Code tools (return_notebook, edit_notebook, dry_execute_code)¶
These tools are how the agent writes and runs Python. Notebooks are the durable, publishable
unit of code (return_notebook / edit_notebook are tool_type="code"); dry_execute_code is
for throwaway exploration and is declared tool_type="utility". See
Code execution.
return_notebook¶
Publish a .py notebook revision under notebooks/. Takes the notebook path, the full Python
code (with docstring and comments), and an optional execute flag to run it on publish.
async def return_notebook(
self, *, context: AgentContext,
path: str, code: str, execute: bool = False,
) -> str | KernelOutput
Returns a confirmation str, or a KernelOutput when execute=True.
edit_notebook¶
Surgical edit of an existing notebook: replace old_str with new_str (use old_str="" for a
full rewrite).

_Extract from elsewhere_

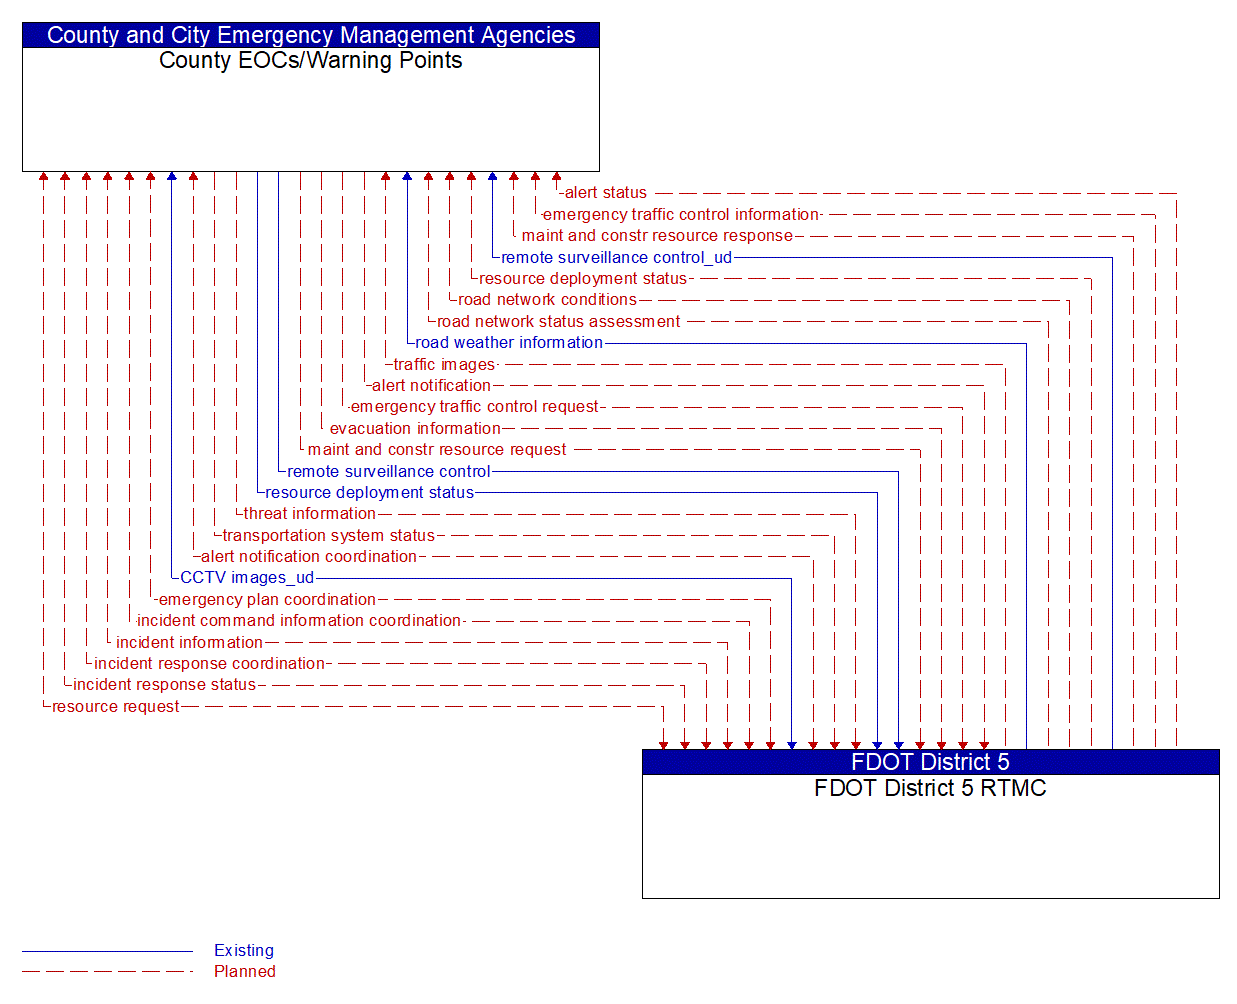 Architecture Flow Diagram: FDOT District 5 RTMC <--> County EOCs/Warning Points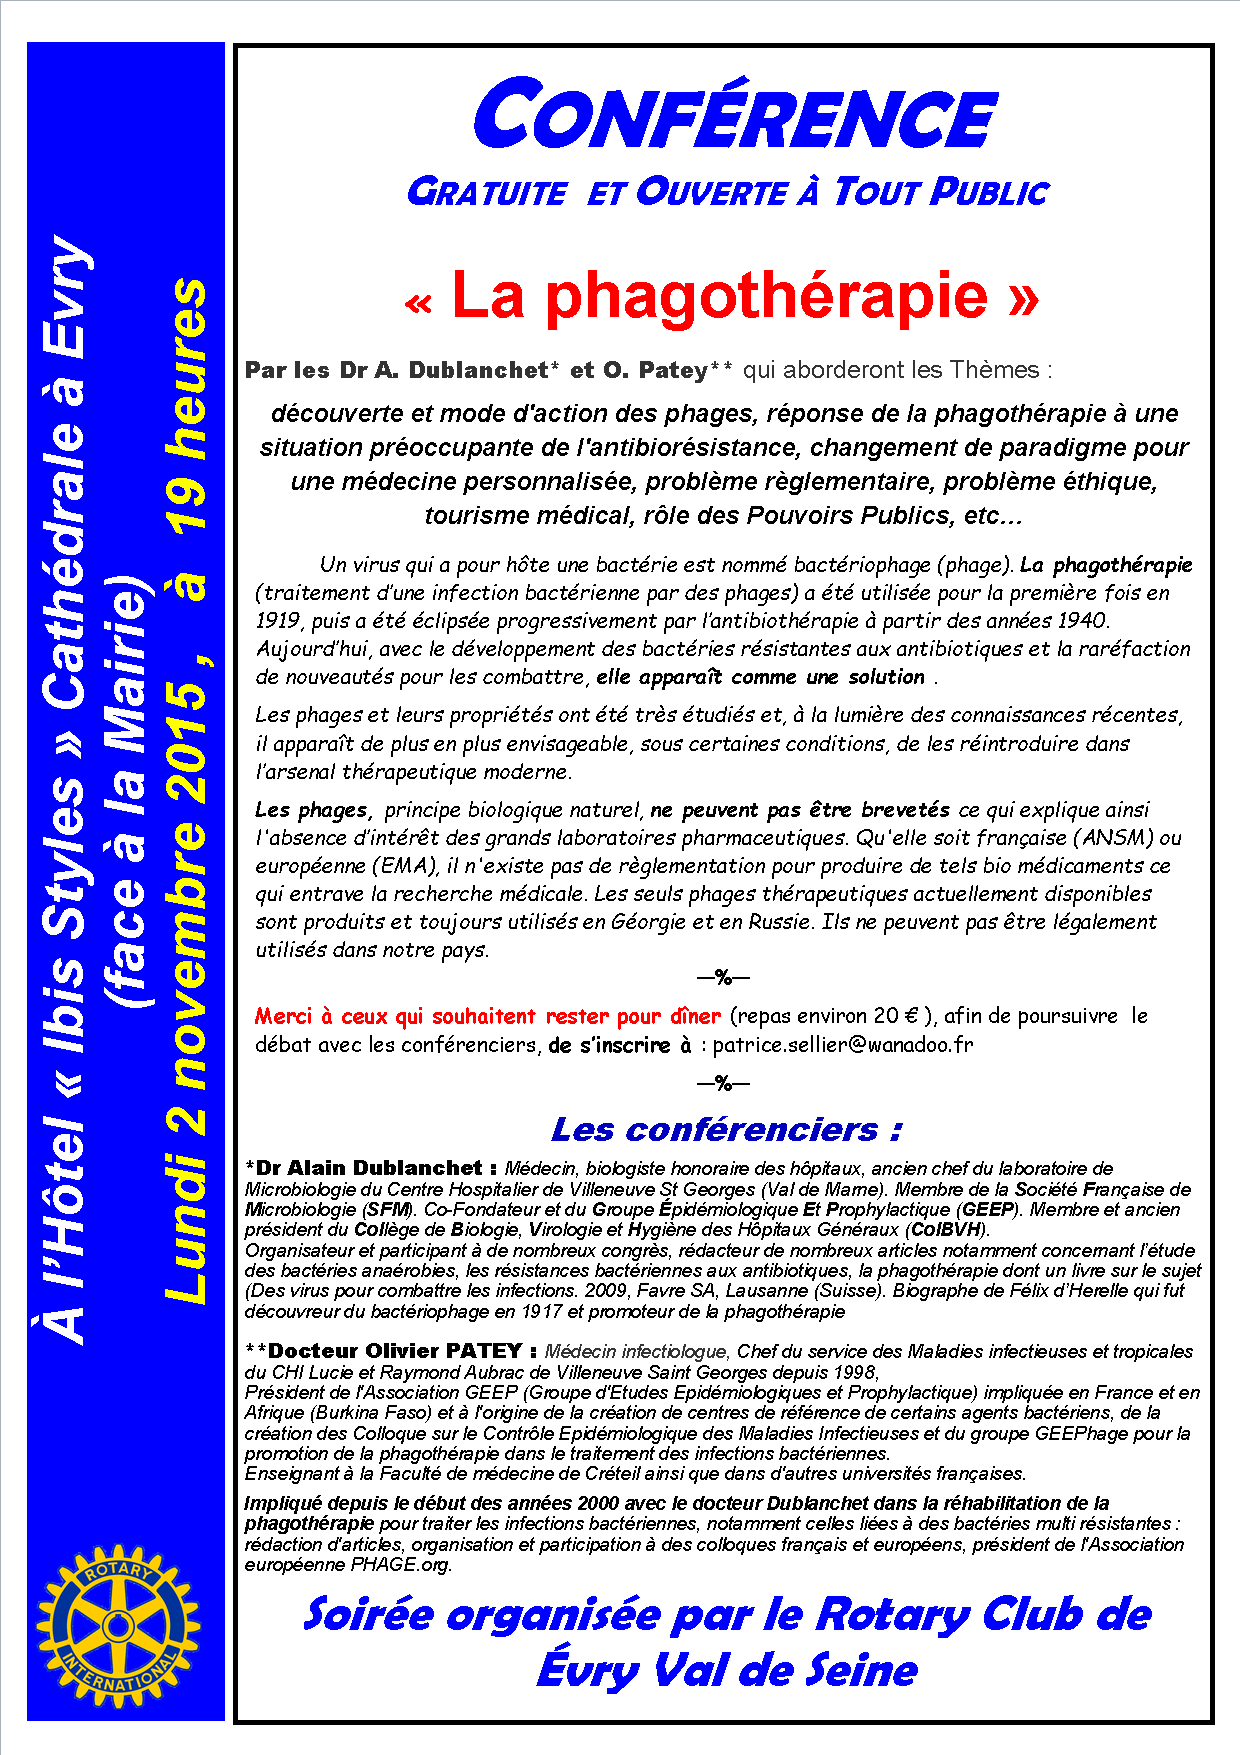 Conf-Phagotherapie 2015-11-02 EVDS

Optional execute to re-run after the edit.
async def edit_notebook(
self, *, context: AgentContext,
path: str, old_str: str, new_str: str, execute: bool = False,
) -> str | KernelOutput
dry_execute_code¶
Run temporary Python in the kernel without modifying any notebook. Use it to inspect a value, test an approach, or probe data before committing it to a notebook.
async def dry_execute_code(
self, *, context: AgentContext,
code: str, timeout_seconds: float = 120.0,
) -> UtilityToolOutput
Returns a UtilityToolOutput wrapping the KernelOutput.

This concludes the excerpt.